PROMPT: Output the opening lines of the records exactly. End with the line that contains "Wanderung Preintalerhütte - Schwarzensee".

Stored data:
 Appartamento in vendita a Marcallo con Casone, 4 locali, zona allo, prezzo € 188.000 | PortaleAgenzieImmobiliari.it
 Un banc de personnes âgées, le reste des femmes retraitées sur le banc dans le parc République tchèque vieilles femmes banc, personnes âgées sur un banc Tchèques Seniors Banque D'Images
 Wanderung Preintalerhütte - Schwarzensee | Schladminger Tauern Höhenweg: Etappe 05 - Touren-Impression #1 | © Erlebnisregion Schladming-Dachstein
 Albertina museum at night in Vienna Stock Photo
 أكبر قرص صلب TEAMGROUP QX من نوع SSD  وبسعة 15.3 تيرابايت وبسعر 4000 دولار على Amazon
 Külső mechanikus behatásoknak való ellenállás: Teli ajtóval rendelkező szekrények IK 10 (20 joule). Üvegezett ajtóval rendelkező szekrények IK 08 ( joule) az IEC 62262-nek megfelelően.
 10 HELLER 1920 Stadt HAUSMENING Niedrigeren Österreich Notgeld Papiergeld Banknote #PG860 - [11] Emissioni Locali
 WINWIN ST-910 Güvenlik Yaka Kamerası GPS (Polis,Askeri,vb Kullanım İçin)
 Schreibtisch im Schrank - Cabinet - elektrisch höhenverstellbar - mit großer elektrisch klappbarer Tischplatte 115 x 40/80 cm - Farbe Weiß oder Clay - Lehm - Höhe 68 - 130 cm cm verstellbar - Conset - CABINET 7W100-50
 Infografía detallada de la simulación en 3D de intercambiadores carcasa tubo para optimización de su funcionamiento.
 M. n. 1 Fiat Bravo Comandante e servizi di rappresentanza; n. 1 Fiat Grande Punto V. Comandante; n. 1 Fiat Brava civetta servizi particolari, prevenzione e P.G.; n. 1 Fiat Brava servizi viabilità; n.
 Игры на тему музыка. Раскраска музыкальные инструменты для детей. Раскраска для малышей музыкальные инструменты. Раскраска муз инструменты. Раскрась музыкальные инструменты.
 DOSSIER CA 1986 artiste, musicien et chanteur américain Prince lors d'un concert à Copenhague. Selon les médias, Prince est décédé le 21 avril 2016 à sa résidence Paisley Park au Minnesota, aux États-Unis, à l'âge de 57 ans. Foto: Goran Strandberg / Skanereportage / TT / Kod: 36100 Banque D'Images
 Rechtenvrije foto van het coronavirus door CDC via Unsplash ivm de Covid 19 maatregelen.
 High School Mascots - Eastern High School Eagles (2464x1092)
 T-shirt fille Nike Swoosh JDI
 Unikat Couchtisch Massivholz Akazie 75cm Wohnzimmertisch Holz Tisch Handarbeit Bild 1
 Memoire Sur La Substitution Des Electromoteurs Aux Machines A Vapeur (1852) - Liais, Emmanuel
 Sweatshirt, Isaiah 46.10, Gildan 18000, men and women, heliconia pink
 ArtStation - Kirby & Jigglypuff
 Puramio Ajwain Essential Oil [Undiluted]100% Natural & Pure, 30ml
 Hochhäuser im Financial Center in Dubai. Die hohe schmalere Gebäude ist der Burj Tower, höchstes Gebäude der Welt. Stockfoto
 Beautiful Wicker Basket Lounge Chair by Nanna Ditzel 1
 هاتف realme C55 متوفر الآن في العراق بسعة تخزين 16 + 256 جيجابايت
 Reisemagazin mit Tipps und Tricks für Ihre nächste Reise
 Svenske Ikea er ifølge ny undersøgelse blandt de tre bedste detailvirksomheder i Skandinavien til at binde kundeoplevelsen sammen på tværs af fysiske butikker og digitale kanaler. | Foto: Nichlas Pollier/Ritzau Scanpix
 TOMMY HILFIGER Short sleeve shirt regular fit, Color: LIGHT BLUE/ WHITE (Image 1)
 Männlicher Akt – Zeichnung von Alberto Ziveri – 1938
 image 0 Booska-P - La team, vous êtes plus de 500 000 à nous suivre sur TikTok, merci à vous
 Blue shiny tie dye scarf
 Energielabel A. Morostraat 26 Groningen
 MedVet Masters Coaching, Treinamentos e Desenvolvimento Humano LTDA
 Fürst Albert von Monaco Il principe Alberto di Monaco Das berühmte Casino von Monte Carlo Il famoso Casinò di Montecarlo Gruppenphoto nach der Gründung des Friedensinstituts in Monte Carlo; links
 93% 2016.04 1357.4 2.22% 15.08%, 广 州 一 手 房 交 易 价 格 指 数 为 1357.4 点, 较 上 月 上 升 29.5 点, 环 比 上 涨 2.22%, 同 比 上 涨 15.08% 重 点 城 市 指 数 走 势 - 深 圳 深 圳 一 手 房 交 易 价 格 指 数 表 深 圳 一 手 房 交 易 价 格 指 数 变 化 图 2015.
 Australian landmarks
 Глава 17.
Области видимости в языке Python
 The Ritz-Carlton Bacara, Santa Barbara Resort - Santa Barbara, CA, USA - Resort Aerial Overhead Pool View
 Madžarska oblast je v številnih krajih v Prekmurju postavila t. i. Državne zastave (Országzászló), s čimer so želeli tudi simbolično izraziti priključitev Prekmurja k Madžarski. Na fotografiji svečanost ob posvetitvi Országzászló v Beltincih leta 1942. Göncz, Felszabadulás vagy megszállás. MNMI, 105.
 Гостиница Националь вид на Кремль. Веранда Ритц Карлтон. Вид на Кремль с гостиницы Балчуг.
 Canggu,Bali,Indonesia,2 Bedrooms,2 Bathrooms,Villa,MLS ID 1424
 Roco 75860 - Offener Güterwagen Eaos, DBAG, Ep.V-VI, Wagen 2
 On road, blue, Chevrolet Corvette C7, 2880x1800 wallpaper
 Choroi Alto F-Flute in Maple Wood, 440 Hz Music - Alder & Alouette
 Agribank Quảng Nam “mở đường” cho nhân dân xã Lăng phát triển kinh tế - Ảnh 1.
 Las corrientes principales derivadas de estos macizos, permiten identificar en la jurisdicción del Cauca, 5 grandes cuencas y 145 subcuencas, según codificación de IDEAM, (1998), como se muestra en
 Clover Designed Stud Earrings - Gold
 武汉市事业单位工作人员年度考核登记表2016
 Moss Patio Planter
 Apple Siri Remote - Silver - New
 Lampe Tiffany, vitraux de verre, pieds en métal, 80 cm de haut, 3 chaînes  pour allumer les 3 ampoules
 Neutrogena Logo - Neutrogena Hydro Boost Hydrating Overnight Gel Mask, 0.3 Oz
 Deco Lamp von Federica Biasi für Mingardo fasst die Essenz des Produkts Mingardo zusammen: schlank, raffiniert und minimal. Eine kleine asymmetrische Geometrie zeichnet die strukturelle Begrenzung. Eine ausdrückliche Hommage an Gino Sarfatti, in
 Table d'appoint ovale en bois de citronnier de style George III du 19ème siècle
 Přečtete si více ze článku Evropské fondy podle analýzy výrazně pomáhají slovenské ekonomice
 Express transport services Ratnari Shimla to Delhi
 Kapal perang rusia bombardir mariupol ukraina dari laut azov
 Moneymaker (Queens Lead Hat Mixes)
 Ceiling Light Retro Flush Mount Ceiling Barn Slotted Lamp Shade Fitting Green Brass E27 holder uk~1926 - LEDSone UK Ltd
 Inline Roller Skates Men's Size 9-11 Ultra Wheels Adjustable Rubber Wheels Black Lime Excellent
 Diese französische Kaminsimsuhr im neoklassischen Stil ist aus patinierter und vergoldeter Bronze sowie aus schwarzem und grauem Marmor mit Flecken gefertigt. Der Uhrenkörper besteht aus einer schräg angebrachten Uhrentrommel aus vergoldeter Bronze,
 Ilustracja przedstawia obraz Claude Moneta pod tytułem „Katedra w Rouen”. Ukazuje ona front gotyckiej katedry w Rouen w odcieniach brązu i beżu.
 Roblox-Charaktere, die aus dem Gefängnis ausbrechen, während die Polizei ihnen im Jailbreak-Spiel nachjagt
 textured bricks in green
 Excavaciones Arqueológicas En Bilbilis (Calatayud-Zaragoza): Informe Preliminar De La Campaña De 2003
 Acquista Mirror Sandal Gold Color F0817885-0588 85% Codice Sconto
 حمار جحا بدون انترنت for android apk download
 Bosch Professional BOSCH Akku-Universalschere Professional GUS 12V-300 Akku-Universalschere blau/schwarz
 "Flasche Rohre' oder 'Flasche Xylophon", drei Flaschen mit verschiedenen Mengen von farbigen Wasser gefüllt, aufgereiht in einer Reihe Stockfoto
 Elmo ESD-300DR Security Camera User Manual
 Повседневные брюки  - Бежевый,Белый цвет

SOLUTION FOR THIS TASK:
 Appartamento in vendita a Marcallo con Casone, 4 locali, zona allo, prezzo € 188.000 | PortaleAgenzieImmobiliari.it
 Un banc de personnes âgées, le reste des femmes retraitées sur le banc dans le parc République tchèque vieilles femmes banc, personnes âgées sur un banc Tchèques Seniors Banque D'Images
 Wanderung Preintalerhütte - Schwarzensee | Schladminger Tauern Höhenweg: Etappe 05 - Touren-Impression #1 | © Erlebnisregion Schladming-Dachstein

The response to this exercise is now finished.